■ WHAT IS EXPECTED: Pictures aside, reproduce exactly each line from the one holding "Set of 6 Queen" through the last line of the material, both ends included.

■ DATASET SECTION:
···

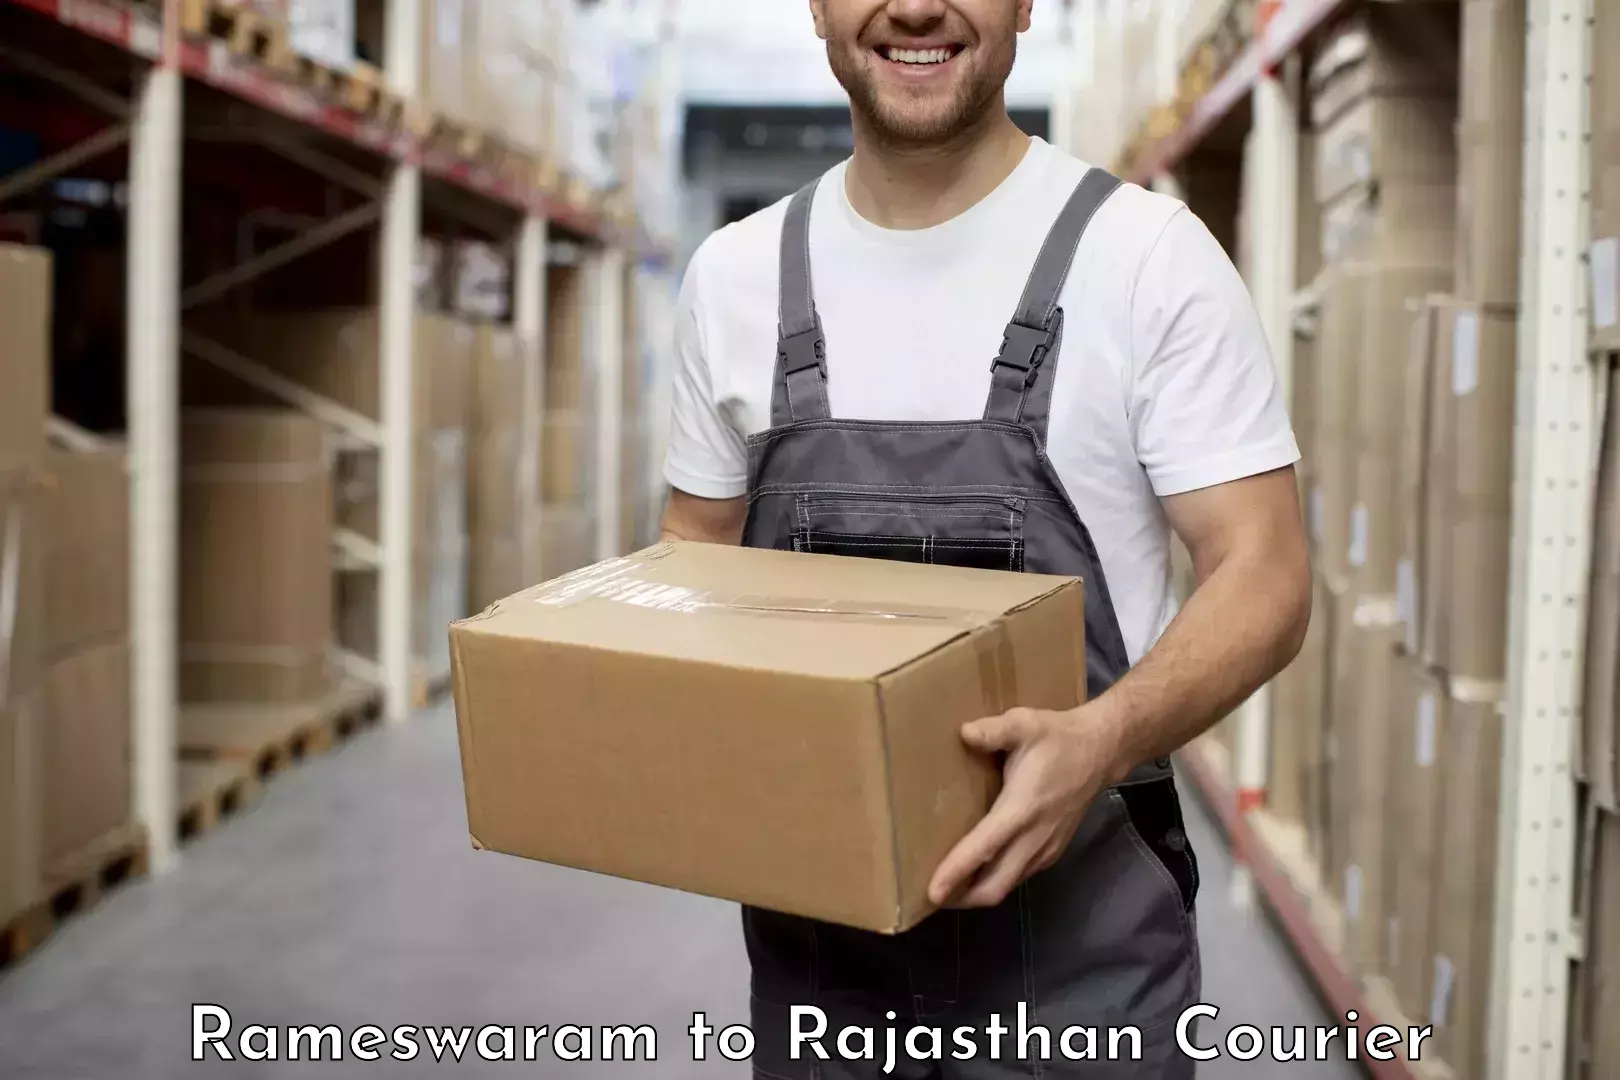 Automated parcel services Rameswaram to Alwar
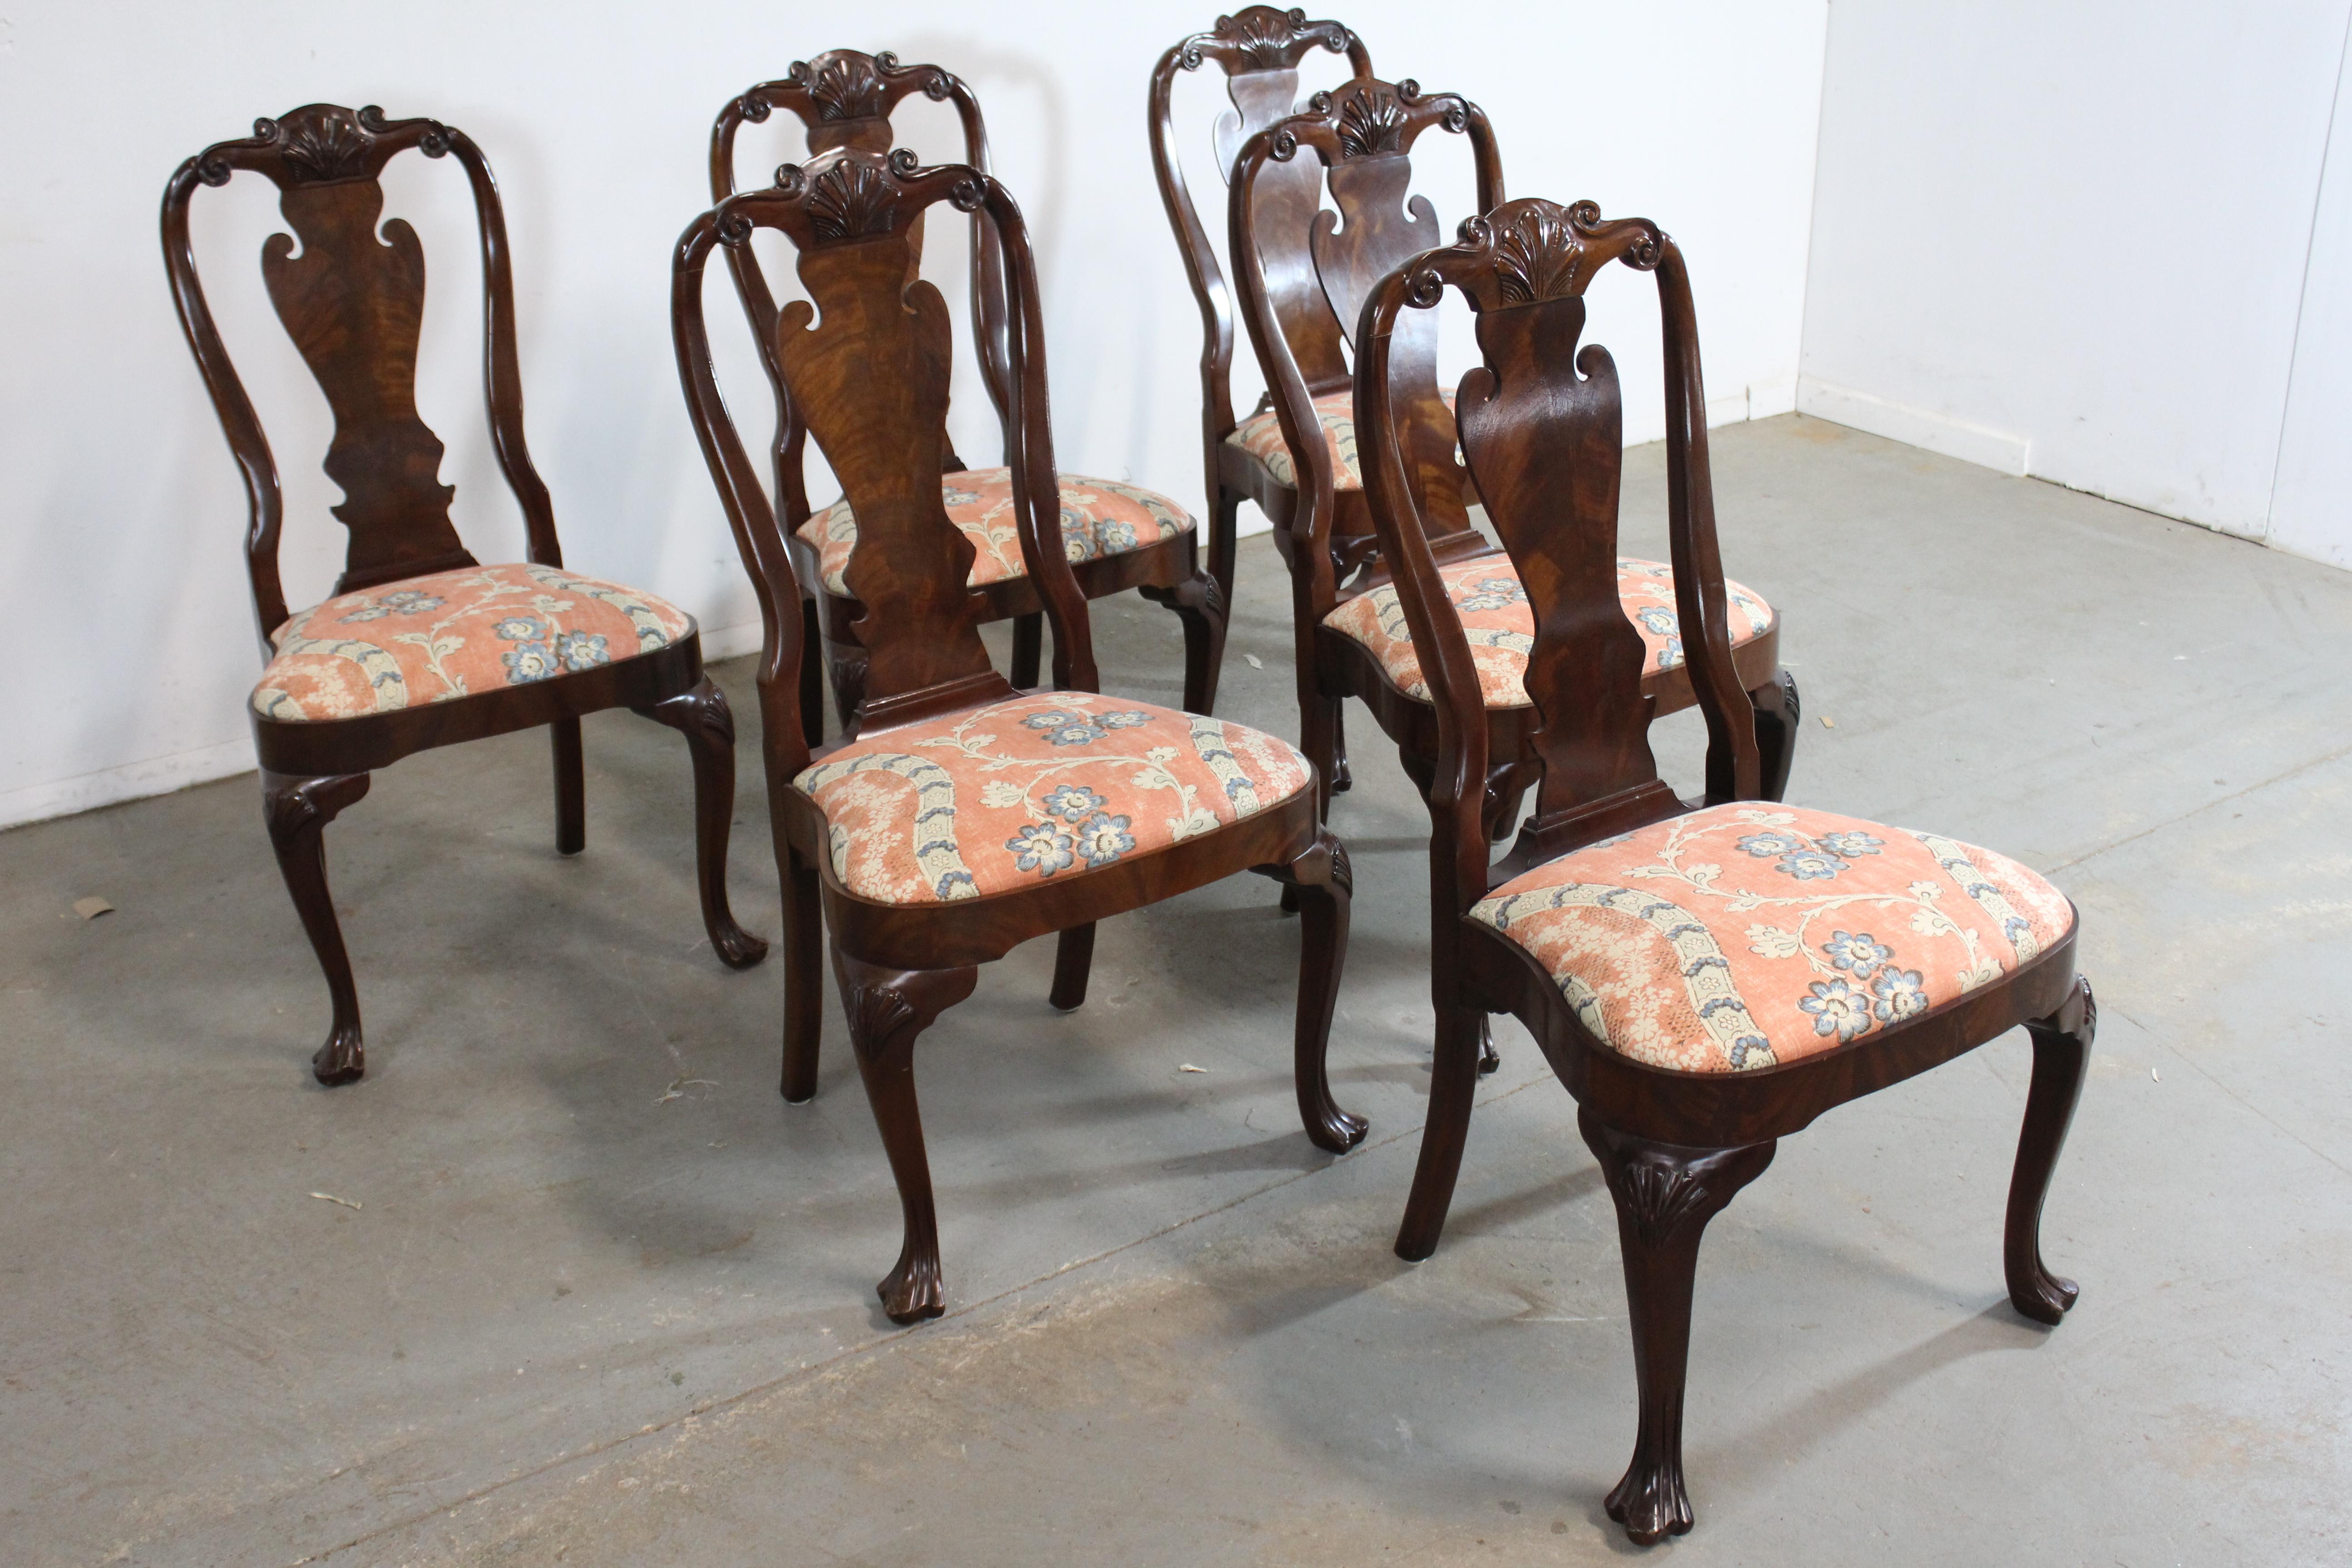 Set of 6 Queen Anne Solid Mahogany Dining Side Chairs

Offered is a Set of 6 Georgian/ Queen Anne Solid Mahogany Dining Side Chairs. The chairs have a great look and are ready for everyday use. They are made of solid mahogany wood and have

···

■ SOLUTION TO THIS EXERCISE:
 Set of 6 Queen Anne Solid Mahogany Dining Side Chairs

Offered is a Set of 6 Georgian/ Queen Anne Solid Mahogany Dining Side Chairs. The chairs have a great look and are ready for everyday use. They are made of solid mahogany wood and have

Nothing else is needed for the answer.